[What is required] Word for word, restate the lines of the listing below from the line with "A wooden antique" through the line with "The price is", and do not include the pictures.

[Provided material]
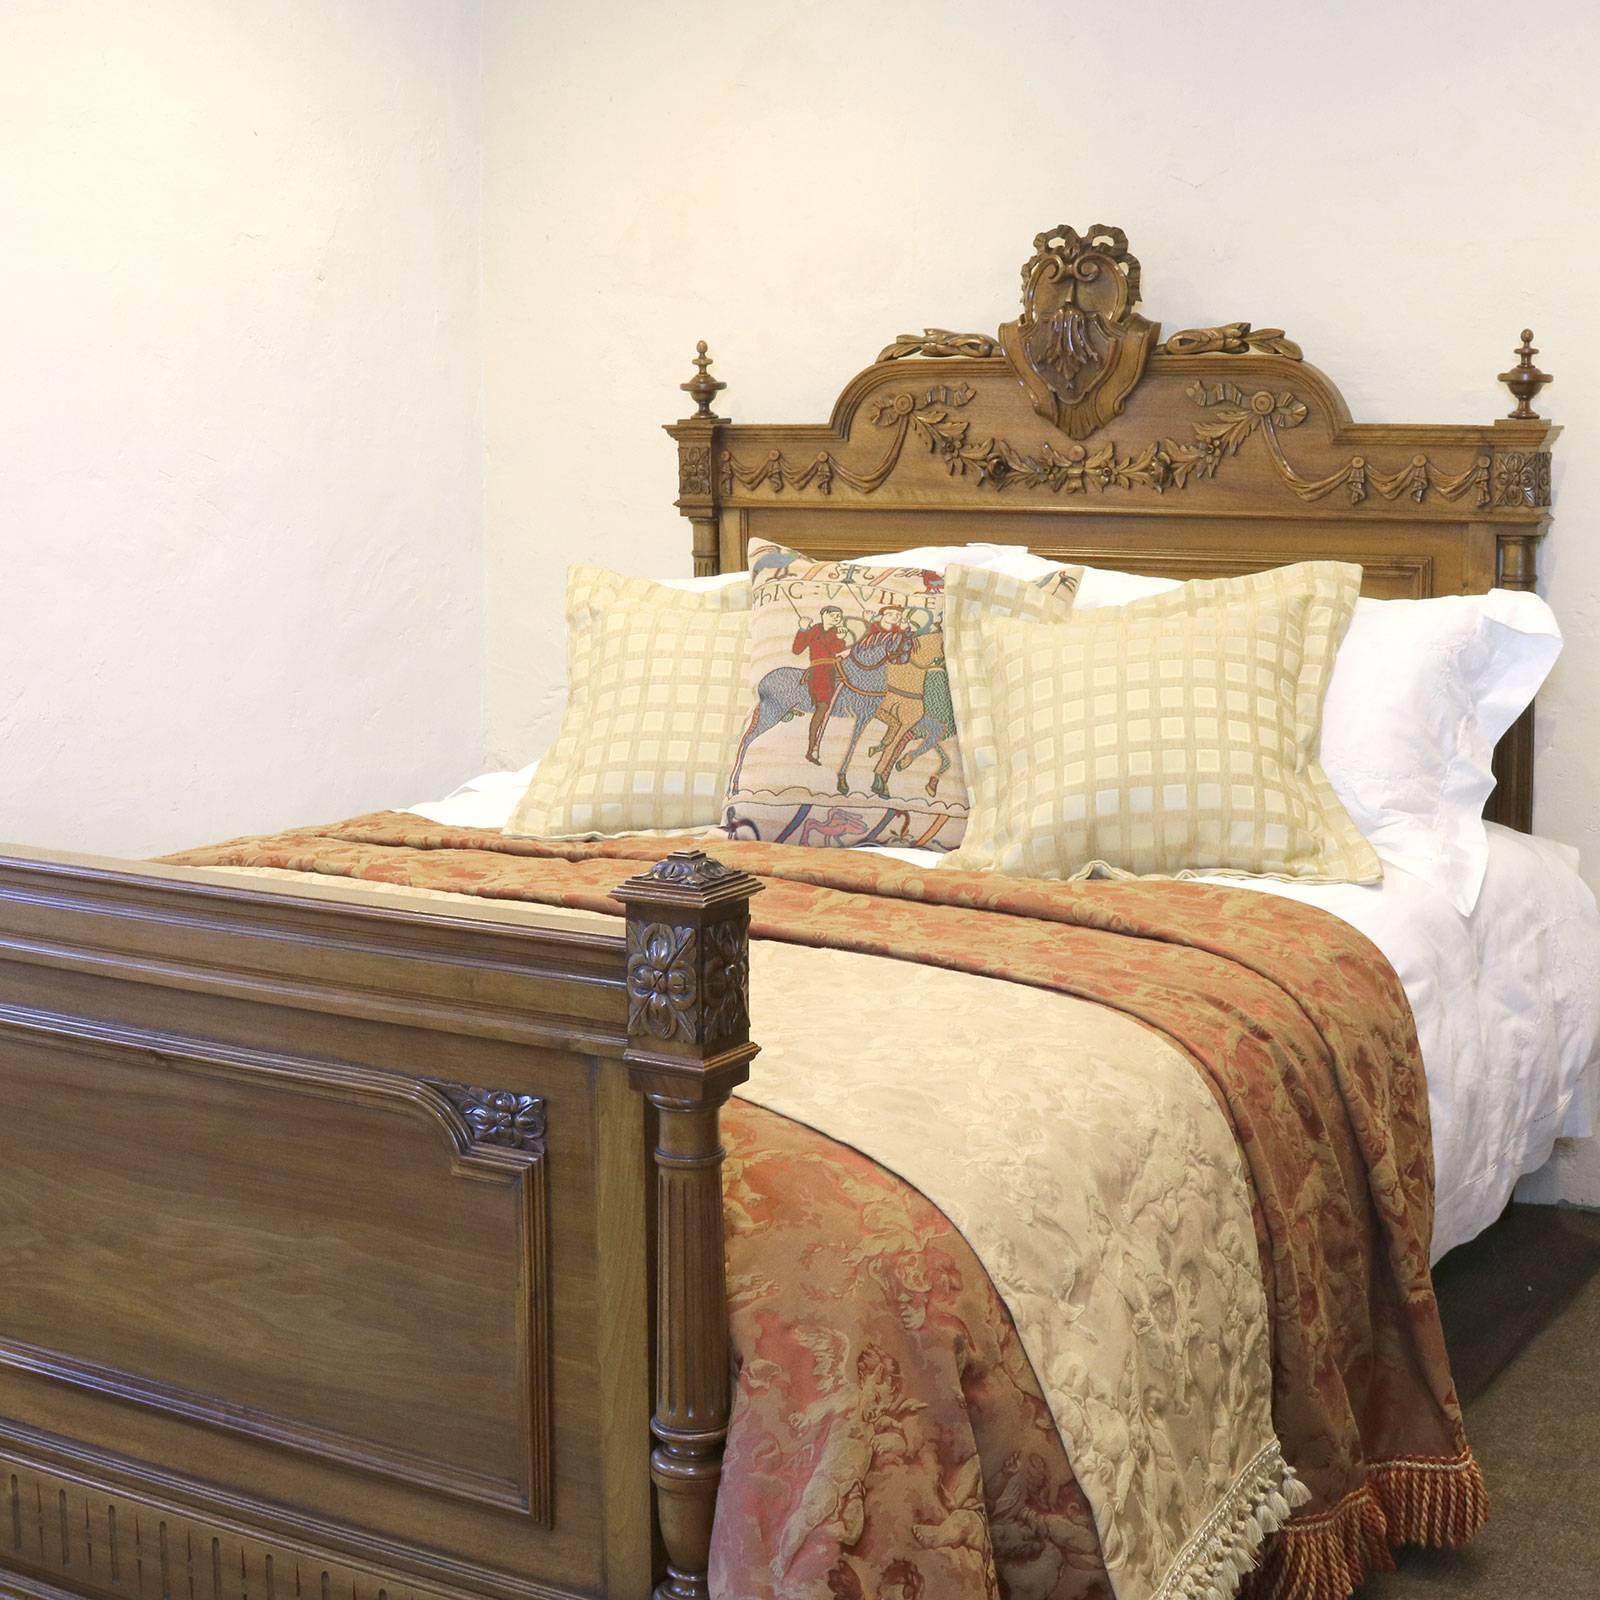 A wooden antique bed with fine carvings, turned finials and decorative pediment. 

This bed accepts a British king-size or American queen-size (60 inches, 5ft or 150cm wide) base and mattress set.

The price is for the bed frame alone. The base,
* * *
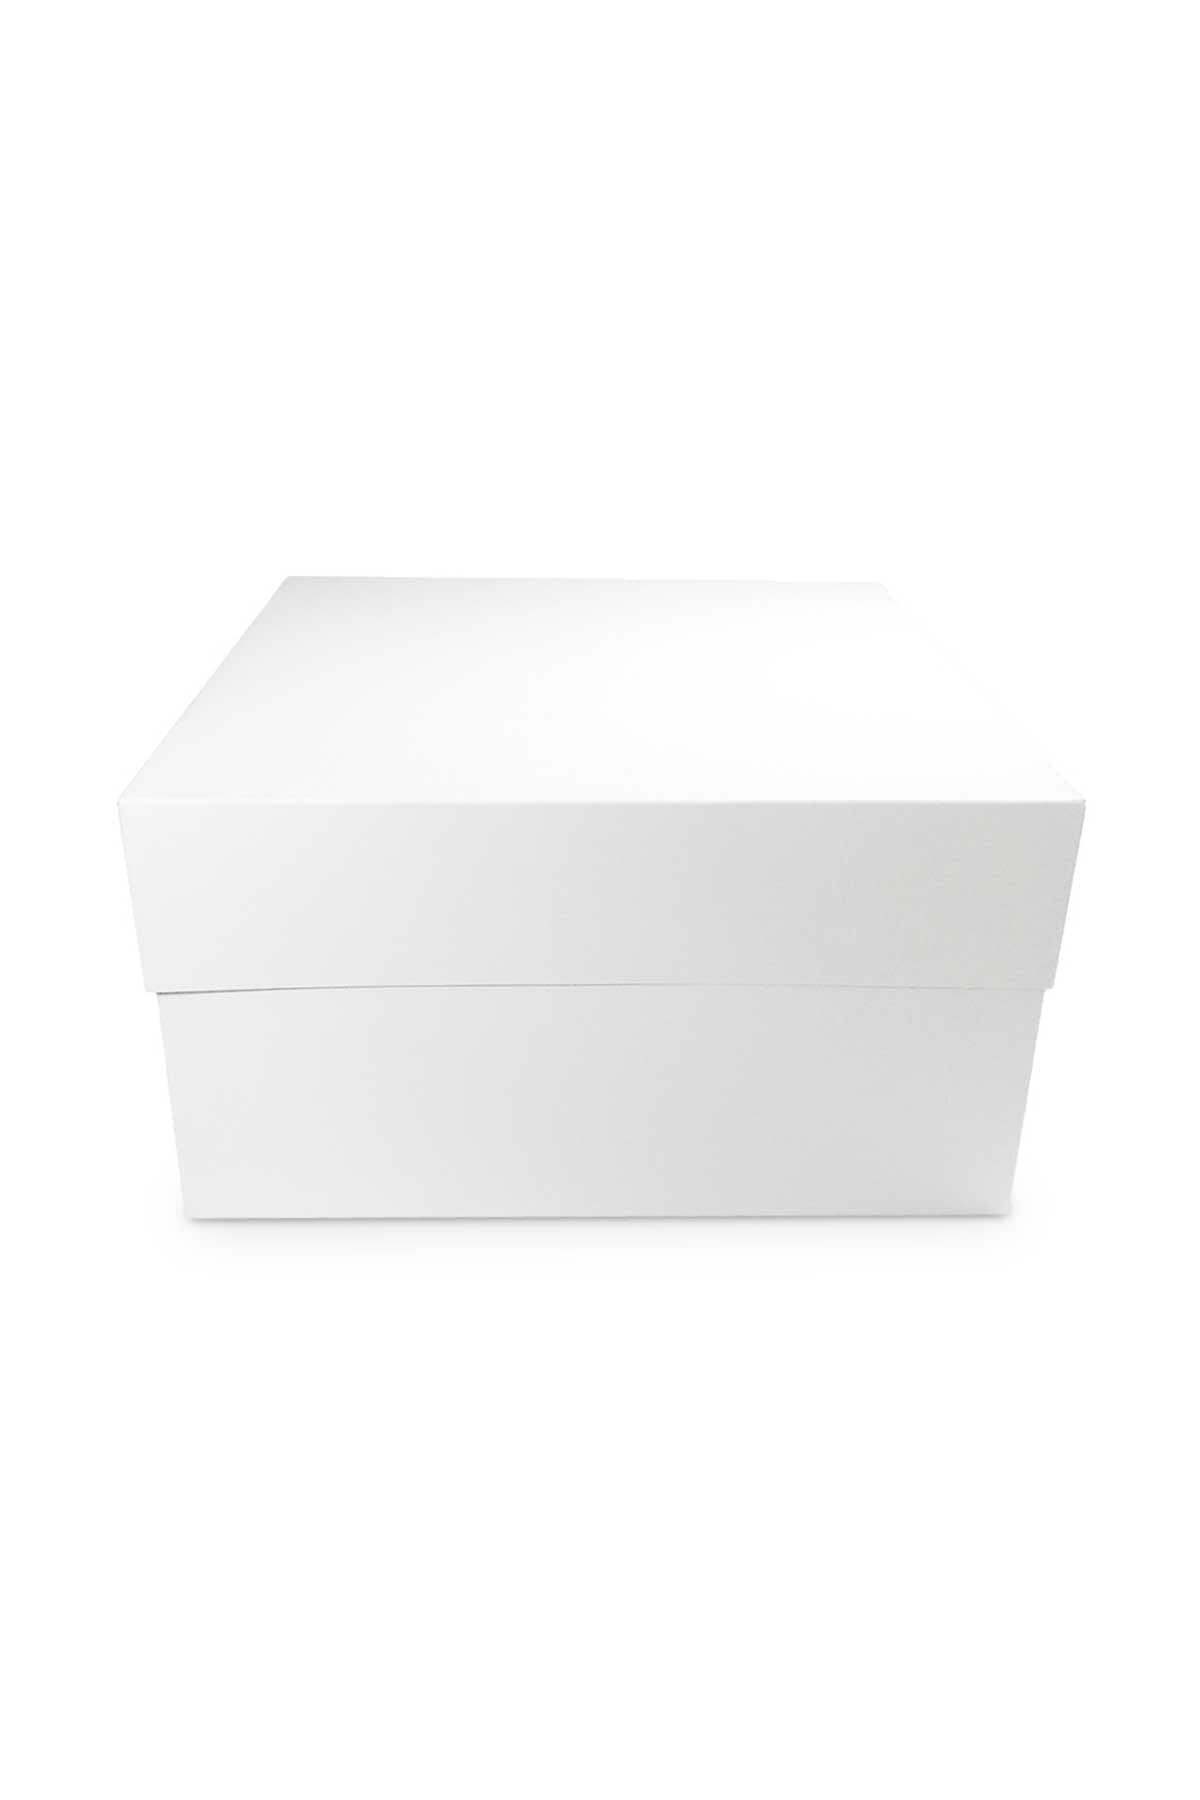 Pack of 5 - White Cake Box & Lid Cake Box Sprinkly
---
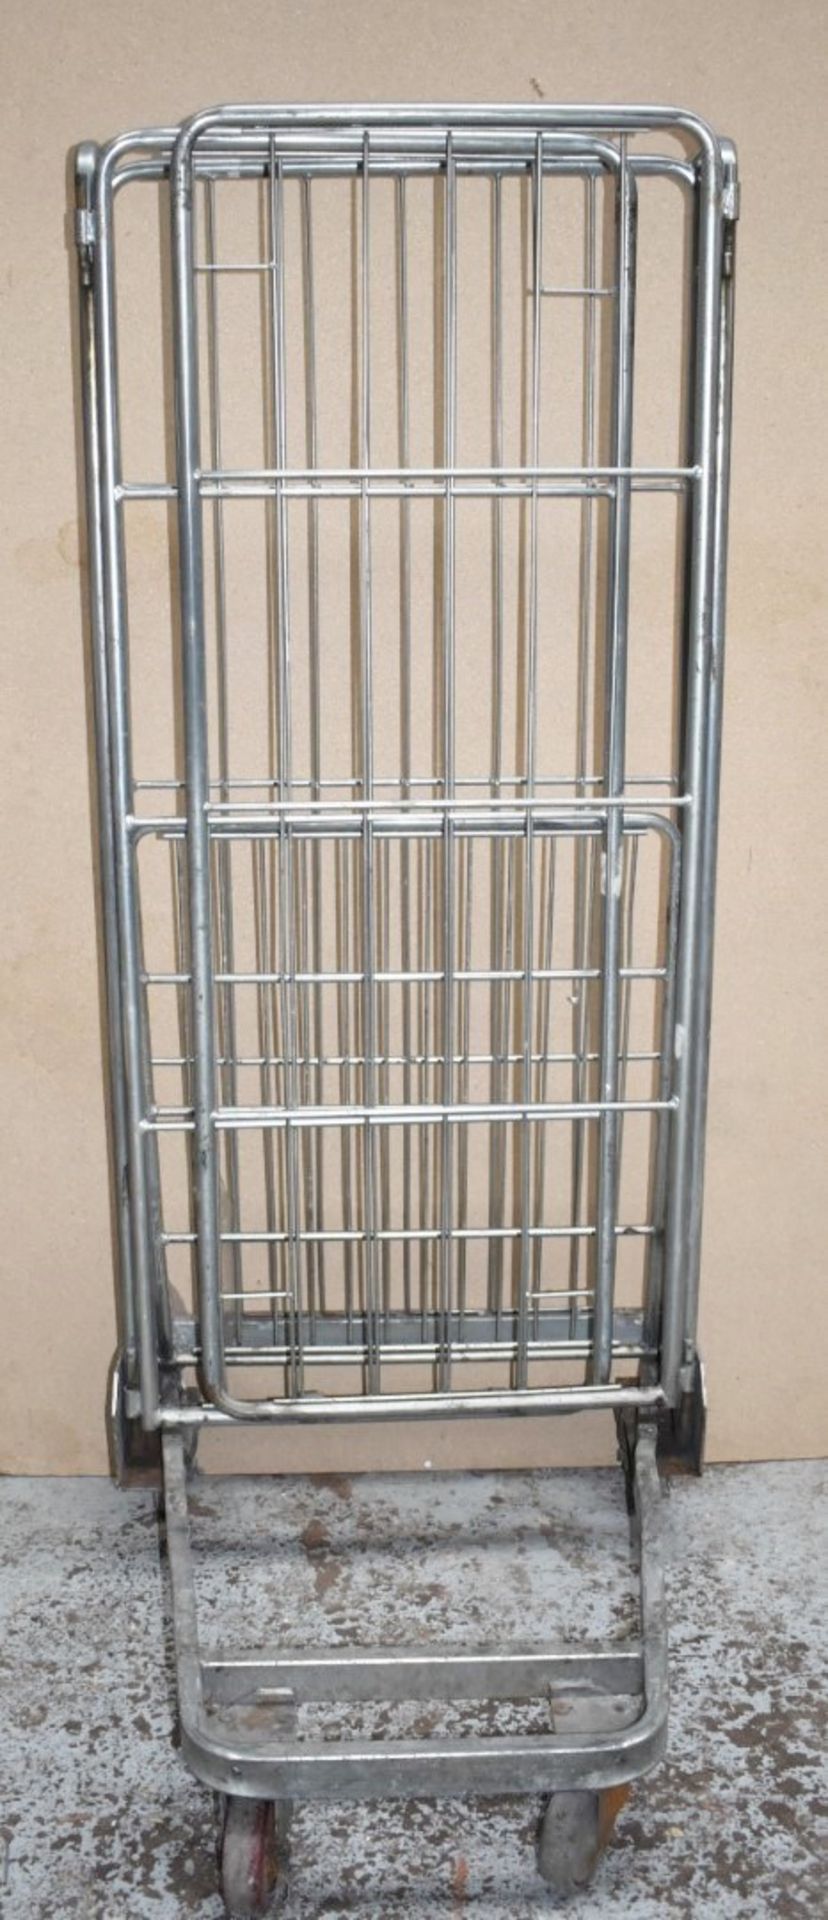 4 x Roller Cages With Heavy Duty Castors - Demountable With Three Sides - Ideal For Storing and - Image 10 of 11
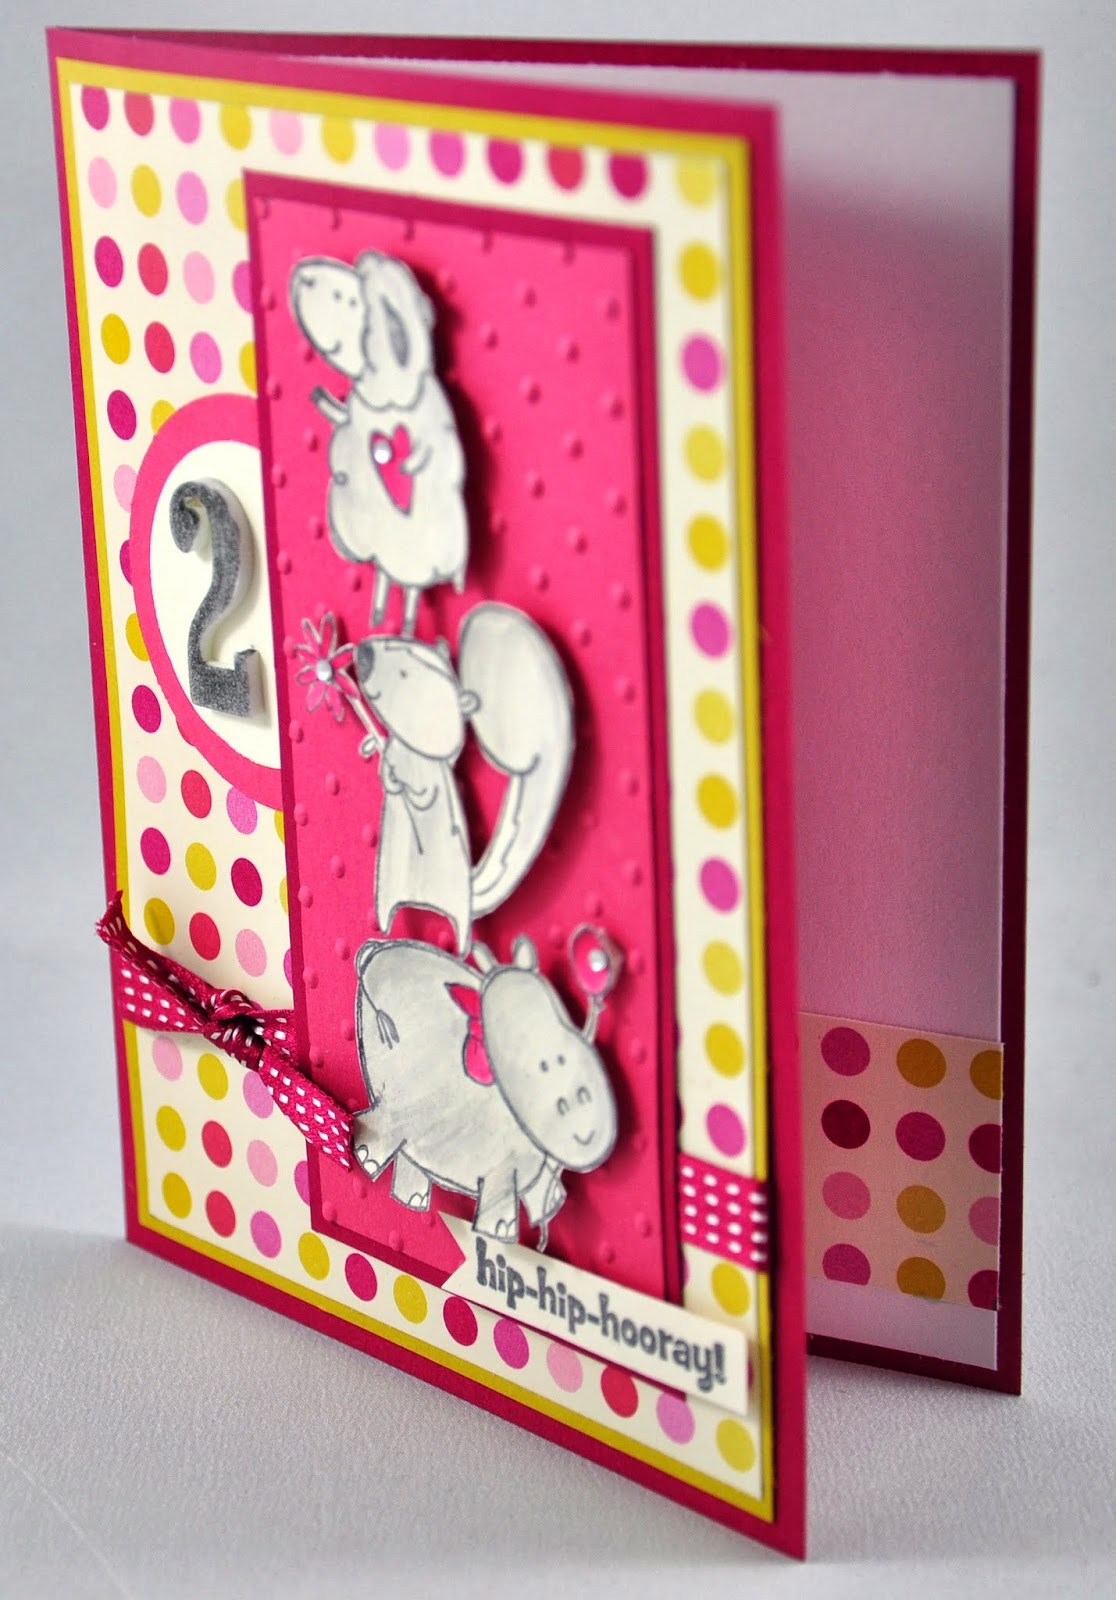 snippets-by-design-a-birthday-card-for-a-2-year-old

[Exercise answer]
 A wooden antique bed with fine carvings, turned finials and decorative pediment. 

This bed accepts a British king-size or American queen-size (60 inches, 5ft or 150cm wide) base and mattress set.

The price is for the bed frame alone. The base,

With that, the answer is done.